Work order: From the material below, reproduce exactly the stretch of lines that begins with the line holding "Baby's brooch" and ends with the line holding "181 Errol Street, North", skipping the pictures.

Extracted entries:

####

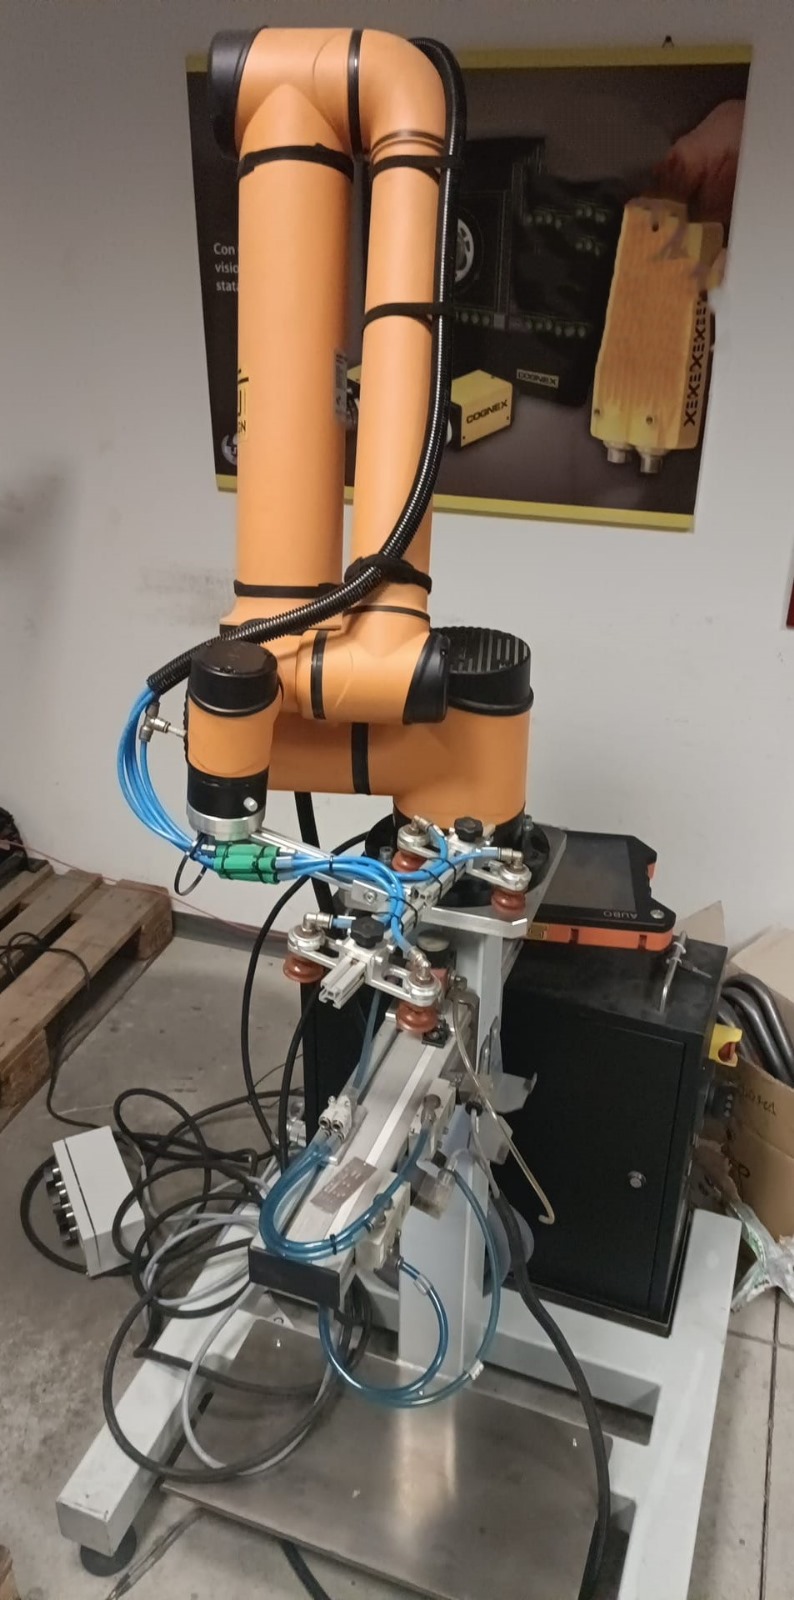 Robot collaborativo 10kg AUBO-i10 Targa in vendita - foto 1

####

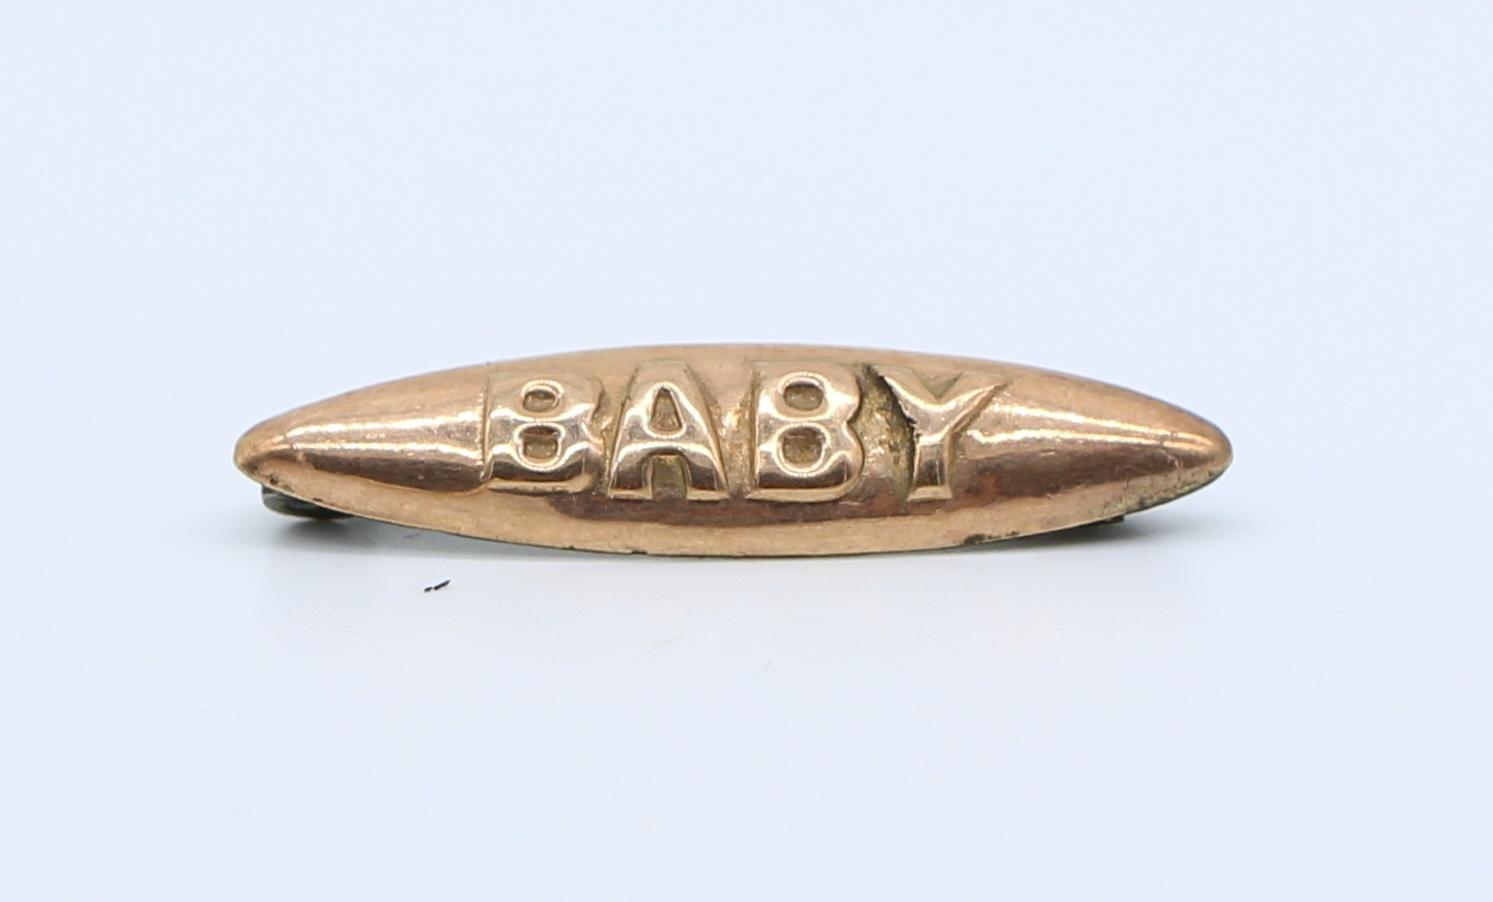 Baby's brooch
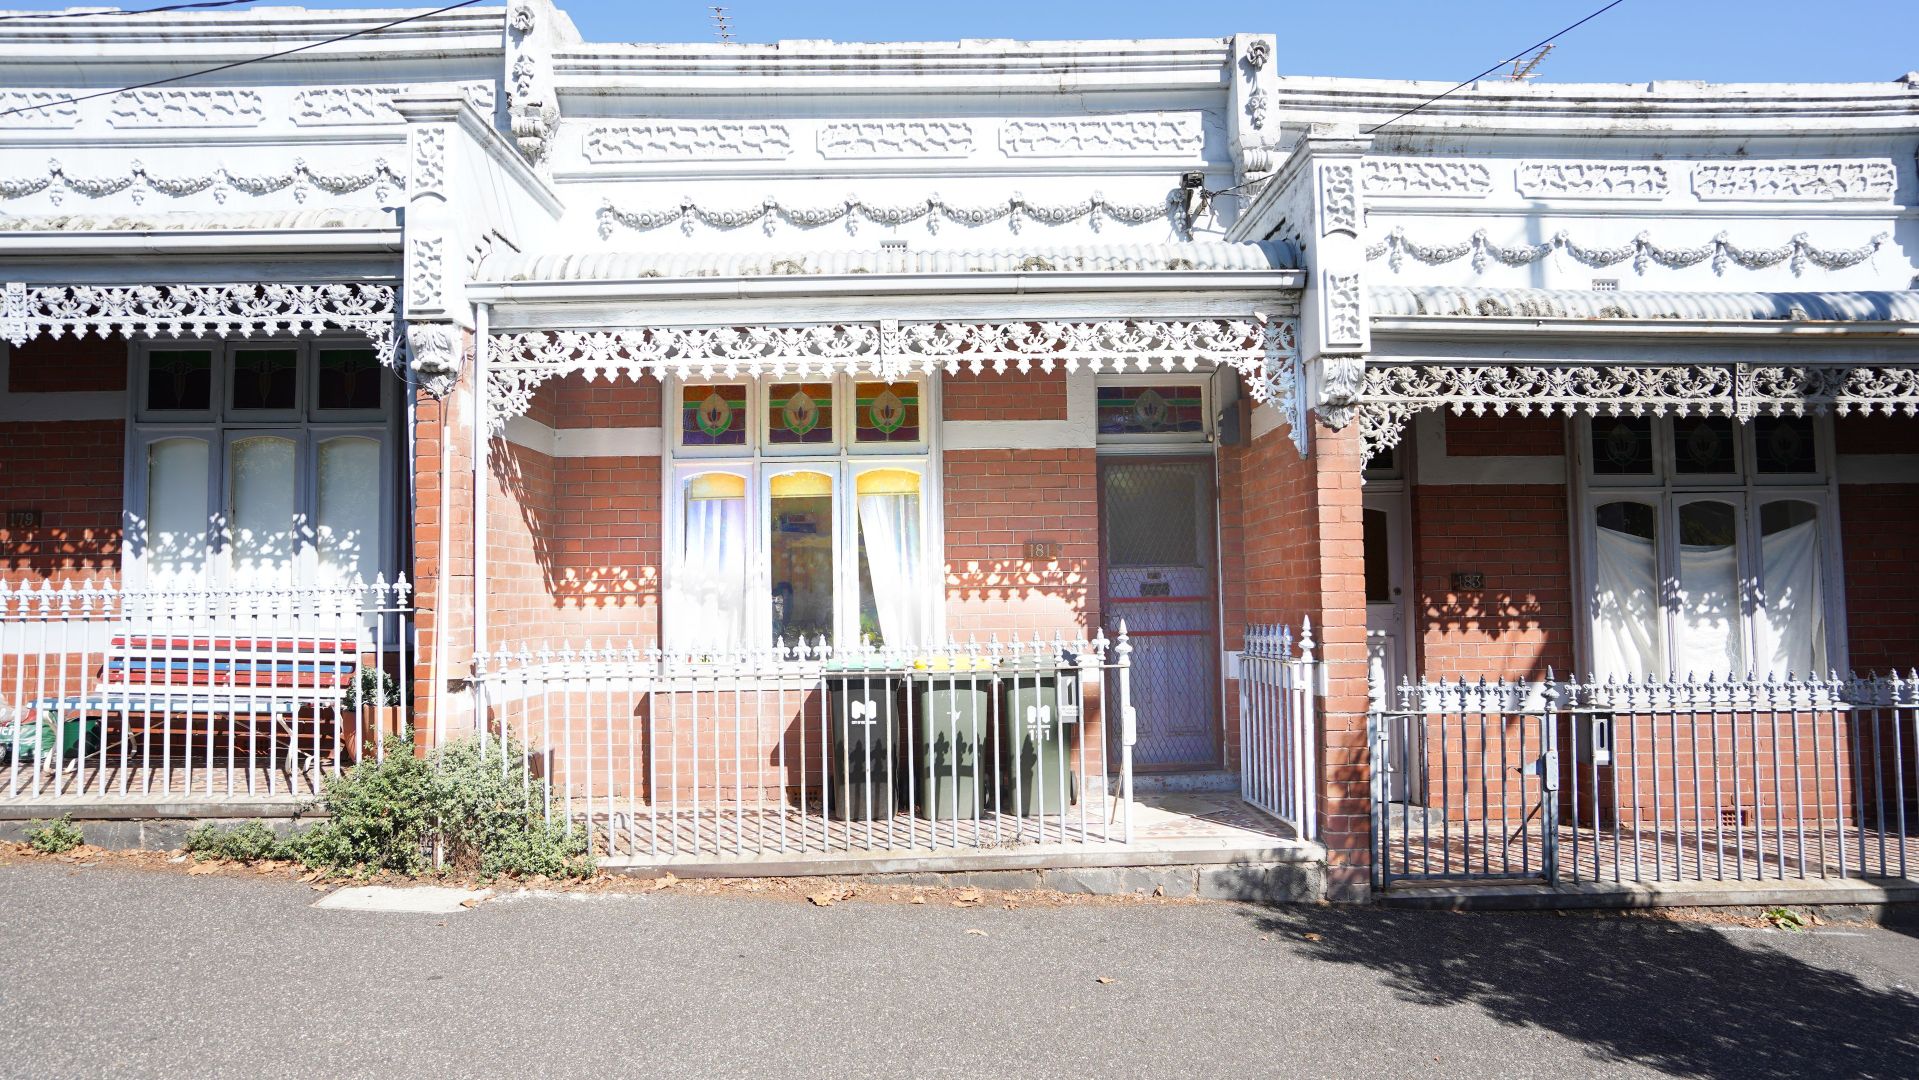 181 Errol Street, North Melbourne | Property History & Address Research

####

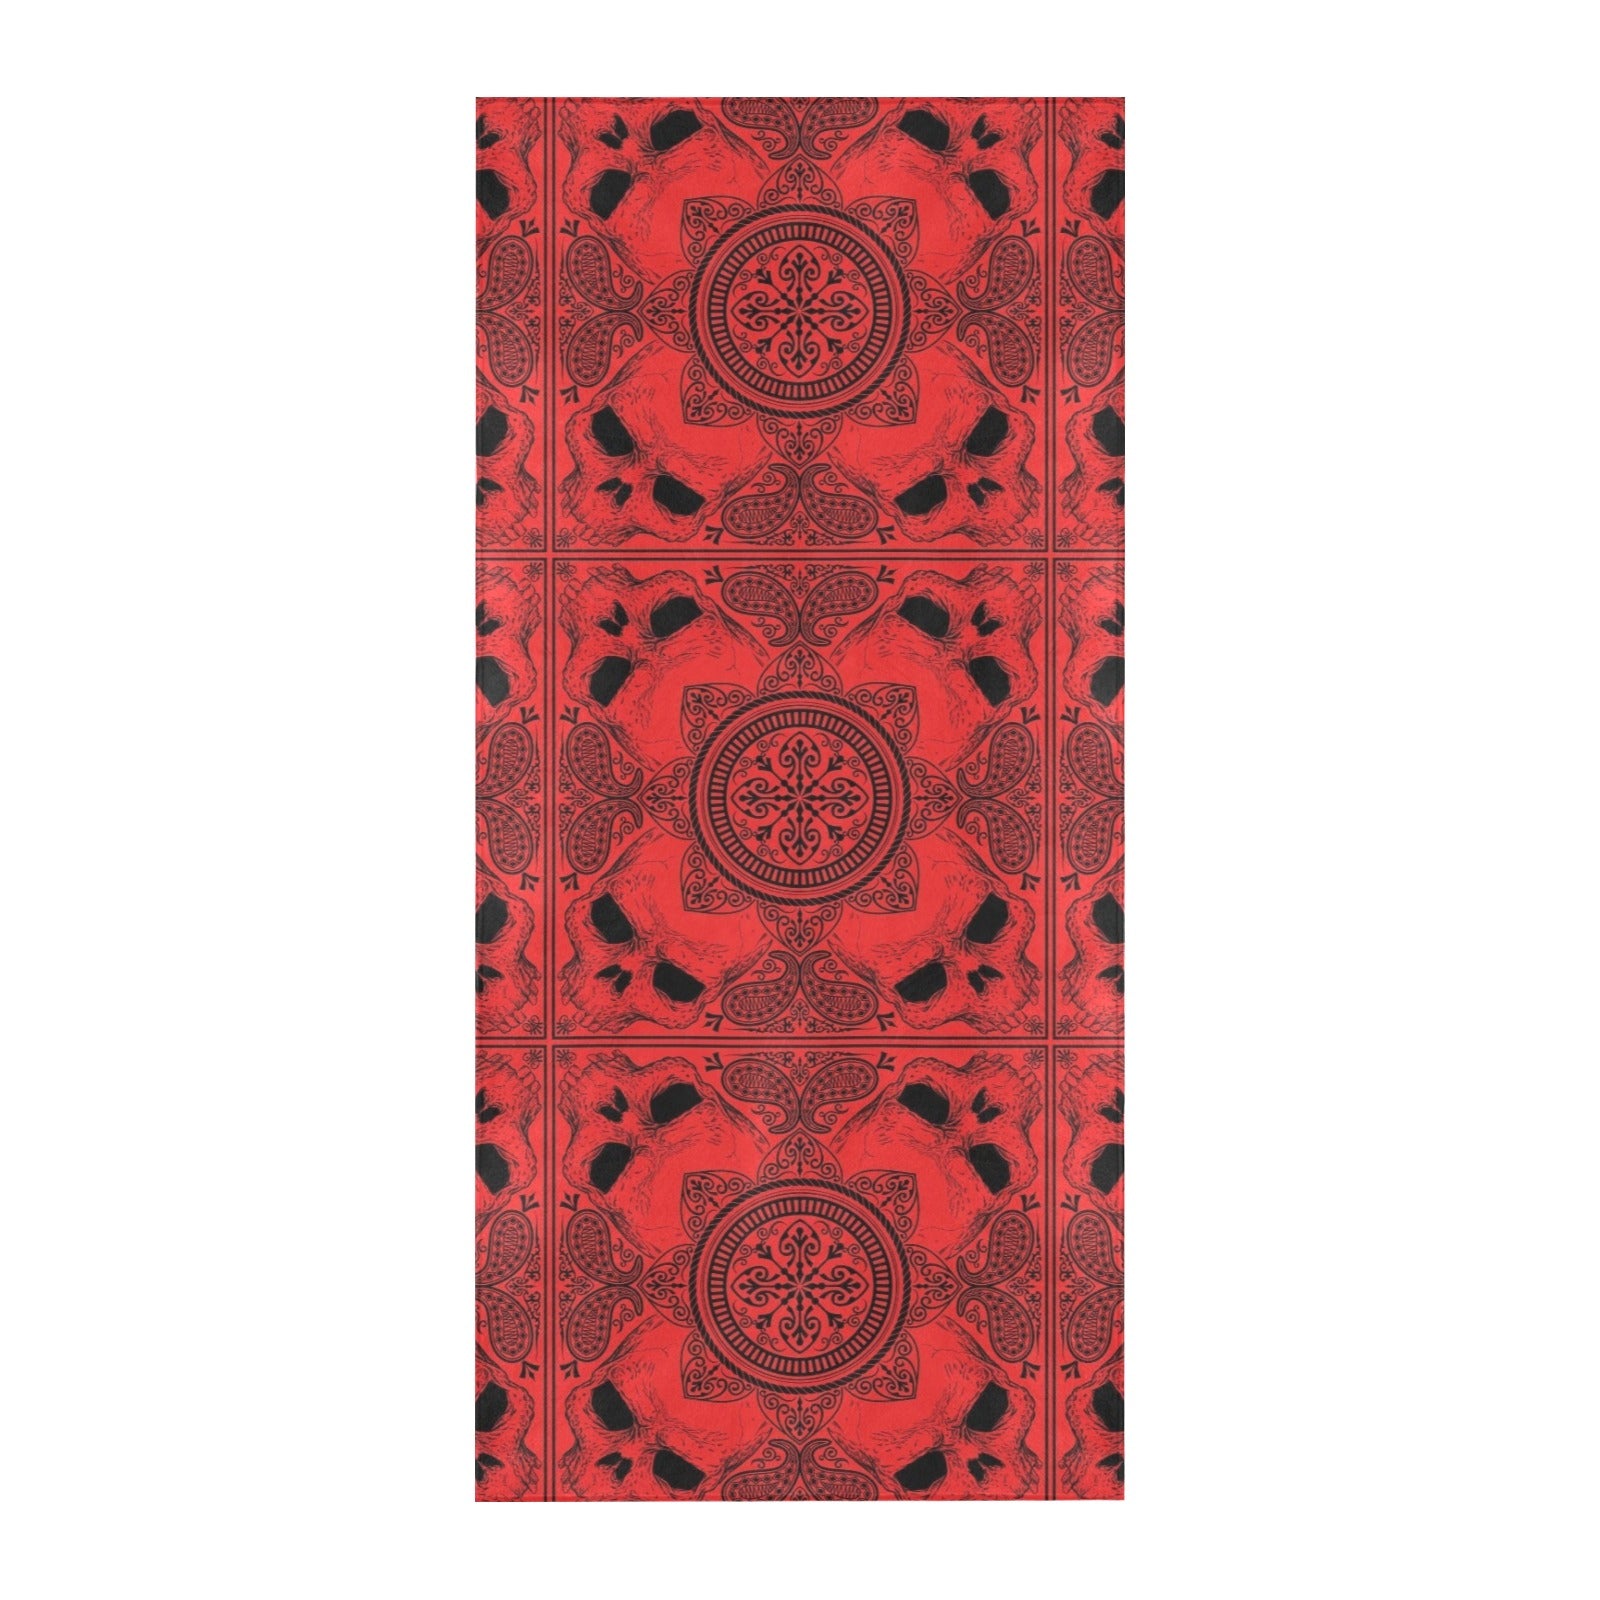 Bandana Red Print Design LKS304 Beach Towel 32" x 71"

####

Exercise result:
 Baby's brooch
 181 Errol Street, North Melbourne | Property History & Address Research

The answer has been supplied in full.